The recent pullback in the S&P 500 has deflated the forward P/E to 20.1 as of close last Thursday, which is in the bottom of the post-COVID Crash recovery range. The P/E derating is not surprising as bond yields have risen to put downward pressure on P/E ratios.
What’s next? The upcoming Q3 earnings season will be a test for both bulls and bears. The key question for investors is whether the E in the forward P/E ratio rises fast enough to support stock prices and offset rising rates?
A mixed picture
Wall Street earnings estimate revisions present a mixed picture. S&P 500 EPS estimates had declined for two weeks in a row, though a more updated report from FactSet
shows upward revisions in the following week. By contrast, estimates for both the mid-cap S&P 400 and small-cap S&P 600 show strong positive momentum.
The weakness in S&P 500 revisions may be attributable to USD strength. Large-cap companies tend to have more foreign operations and their sales and earnings are more sensitive to currency fluctuations.
That said, the S&P 500 has exhibited an uneven correlation with the USD Index in the last 10 years. The USD is a safe haven currency and can experience fund flows during both risk-on and risk-off periods, but relative growth and interest rates are also important factors in determining currency levels.
A detailed estimate revision analysis
The Street is entering the Q3 earnings season on a fairly upbeat note. FactSet
reported that Q3 2021 is the fifth consecutive quarter that analysts have shown positive estimate revisions.
In more normal times, company analysts tend to be overly optimistic. They initially post high estimates and gradually revise them down as the reporting period approaches, according to FactSet:
In a typical quarter, analysts usually reduce earnings estimates during the quarter. During the past five years (20 quarters), the average decline in the bottom-up EPS estimate during a quarter has been 2.9%. During the past ten years, (40 quarters), the average decline in the bottom-up EPS estimate during a quarter has been 3.7%. During the past fifteen years, (60 quarters), the average decline in the bottom-up EPS estimate during a quarter has been 4.9%.
To be sure, the rate of revisions has decelerated. The monthly analysis of quarterly estimate revisions shows a gradual downward trajectory for Q3 earnings. The key question for investors is whether expectations are too rosy.
The bottom-up view
On the other hand, the bottom-up view from companies is still upbeat. The rate of positive to negative guidance is still positive, which is contrary to the historical record of the preponderance of negative guidance.
However, the macro summary from The Transcript, which monitors and summarizes earnings calls, sounded a cautionary note about supply chain bottlenecks..
Inflation and supply chain challenges continue to be the most prominent economic theme. It doesn’t appear that supply chain challenges are getting any better.
The previous week’s earnings calls had similar warnings, though it was more upbeat about the waning effects of the pandemic.

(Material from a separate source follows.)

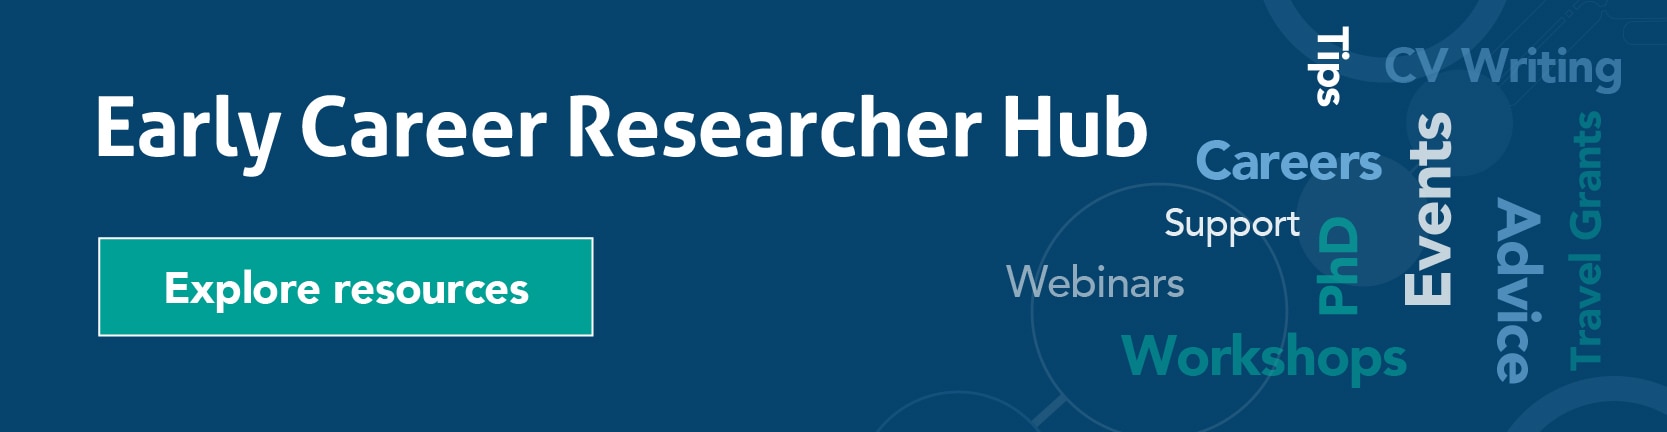 Proteintech Early Career Research Hub banner

Economic weakness driven by the Delta variant appears to have been short-lived. While growth may have slowed some from the euphoric pace earlier this year, the economy continues to benefit from high consumer demand. Supply chain disruptions are not getting better though and inflation is likely to last into next year. The FOMC met last week and decided to keep monetary policy unchanged. However, Jerome Powell was relatively direct in saying that tapering is likely to start at the next meeting.
Where does that leave us? I am cautiously bullish as we enter the Q3 earnings season. Expectations are high but history shows that companies have guided sales and earnings estimates to slightly beat them. The bulls will say that the guidance rate remains positive and the macro environment supportive. The bears will say that the rate of positive estimate revisions has been falling, which is a sign of deceleration.